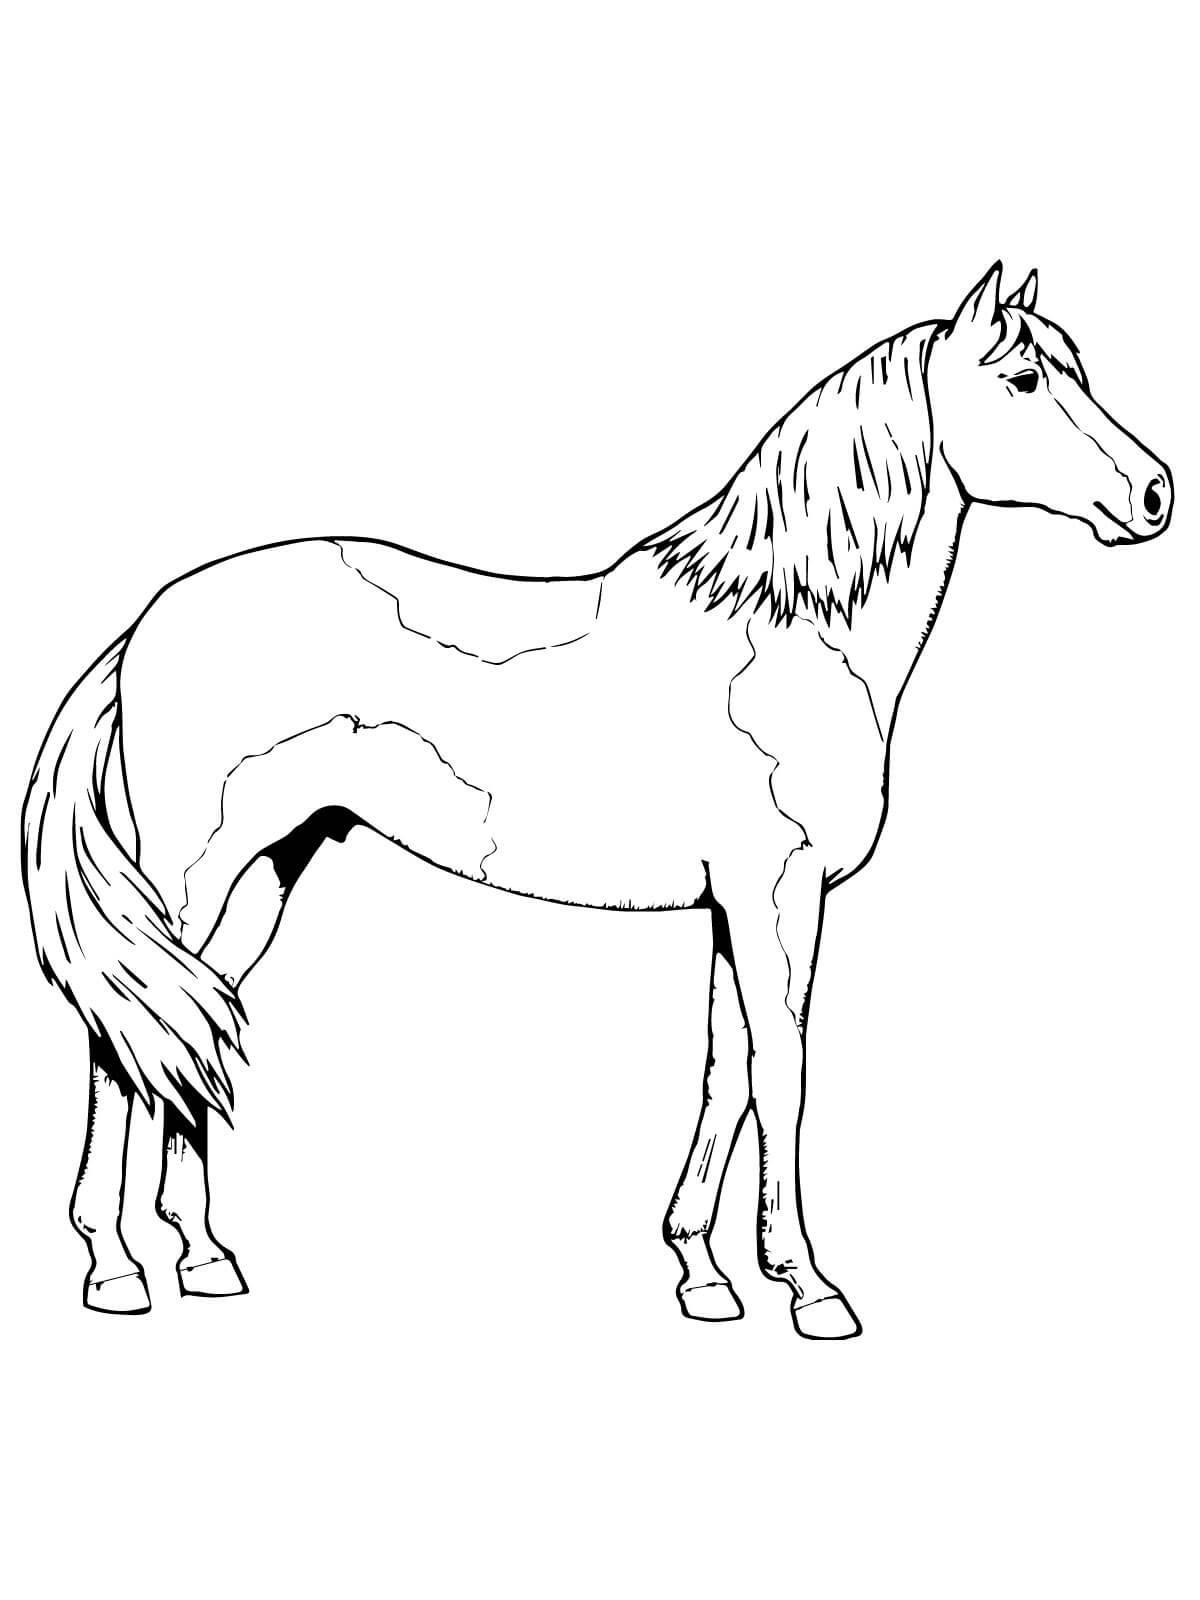 Horse Color Sheet for Kids | Activity Shelter
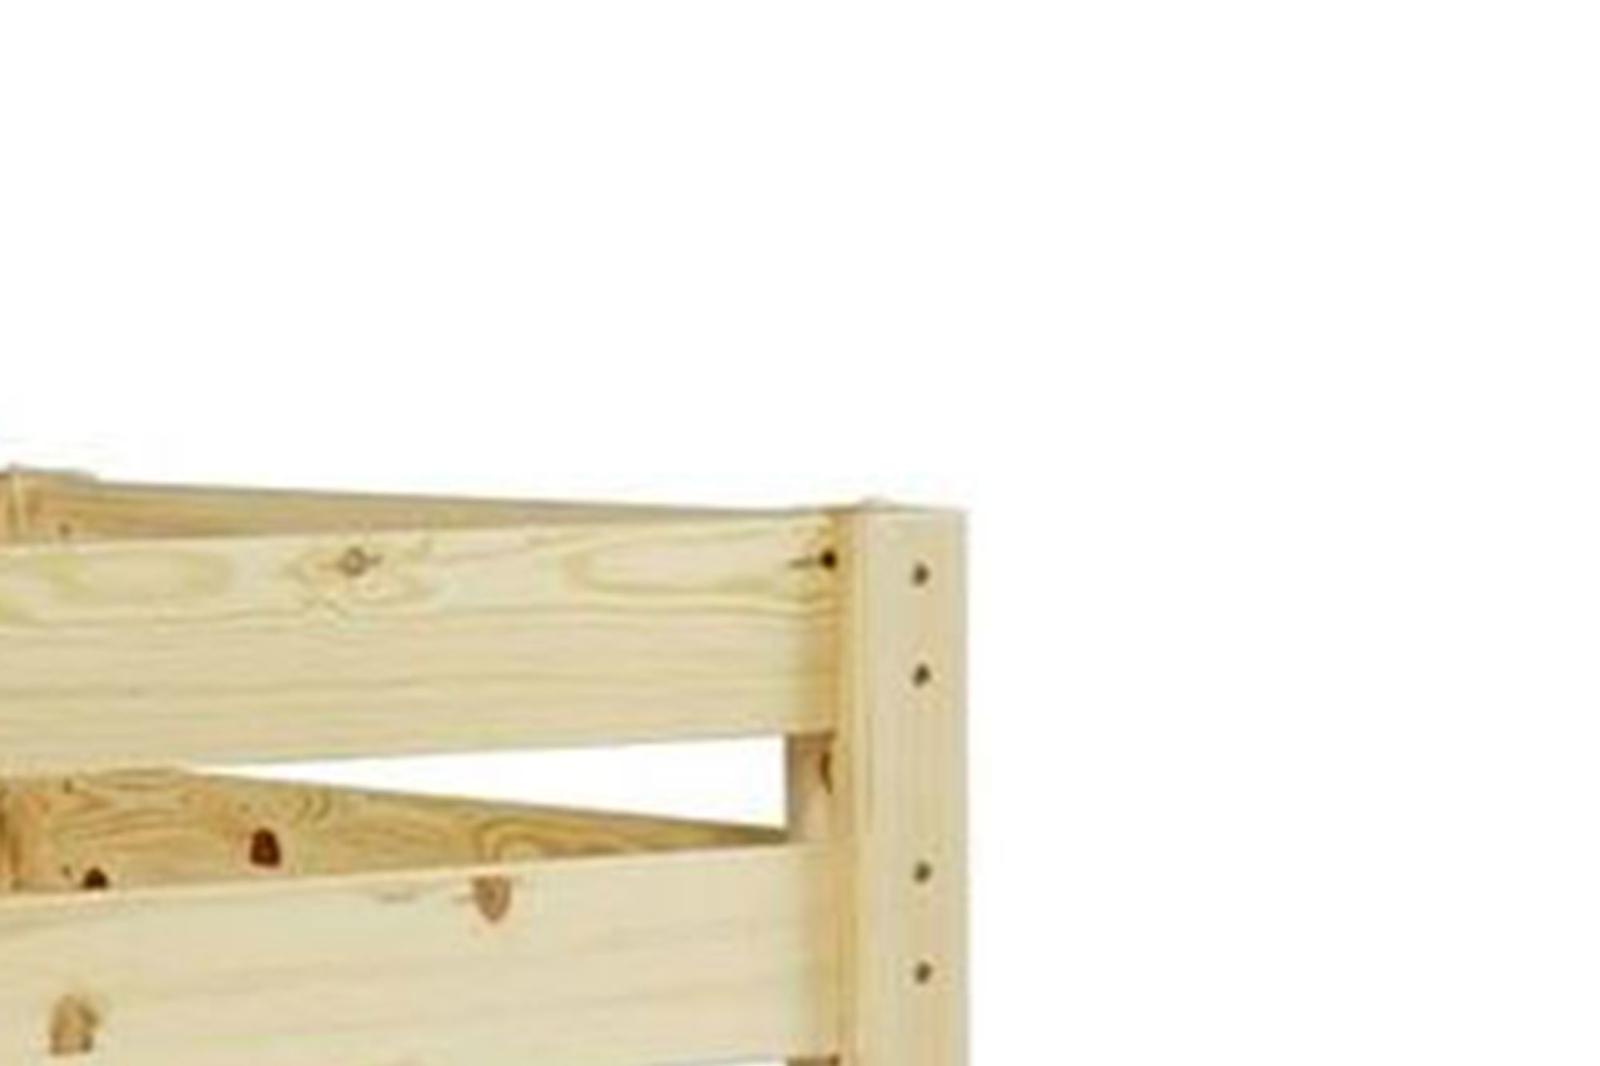 Kinderbett Mit Rausfallschutz kinderbett massivholz mit rausfallschutz moby günstig bestellen
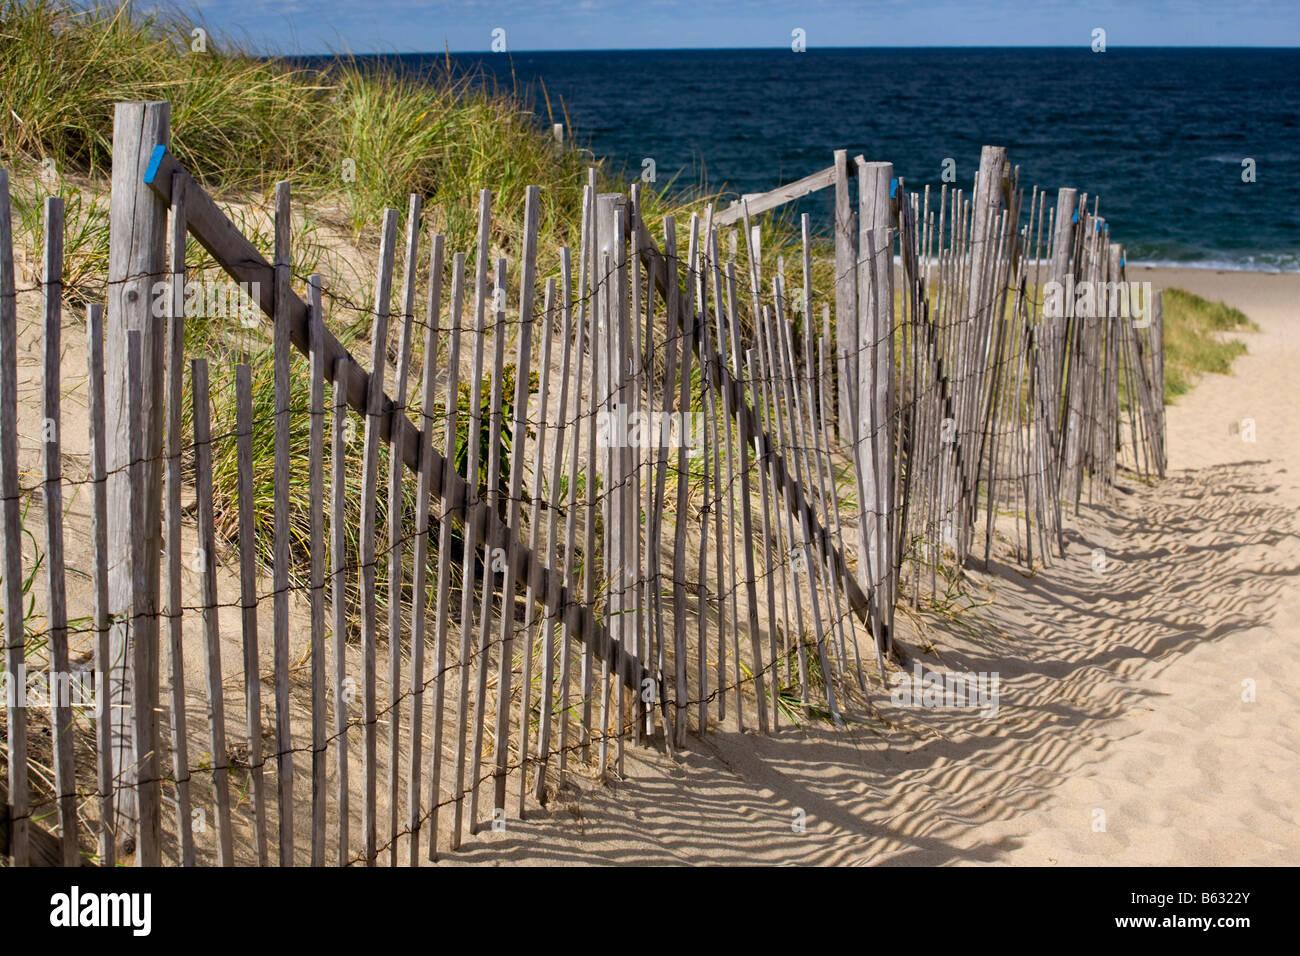 Cape Cod National Seashore Massachusetts USA - Stock Image

━━━━━━

- [THE TASK]:
Please print the data above once more, exactly as it appears, with no pictures.

- [REPLY]:
 Horse Color Sheet for Kids | Activity Shelter
 Kinderbett Mit Rausfallschutz kinderbett massivholz mit rausfallschutz moby günstig bestellen
 Cape Cod National Seashore Massachusetts USA - Stock Image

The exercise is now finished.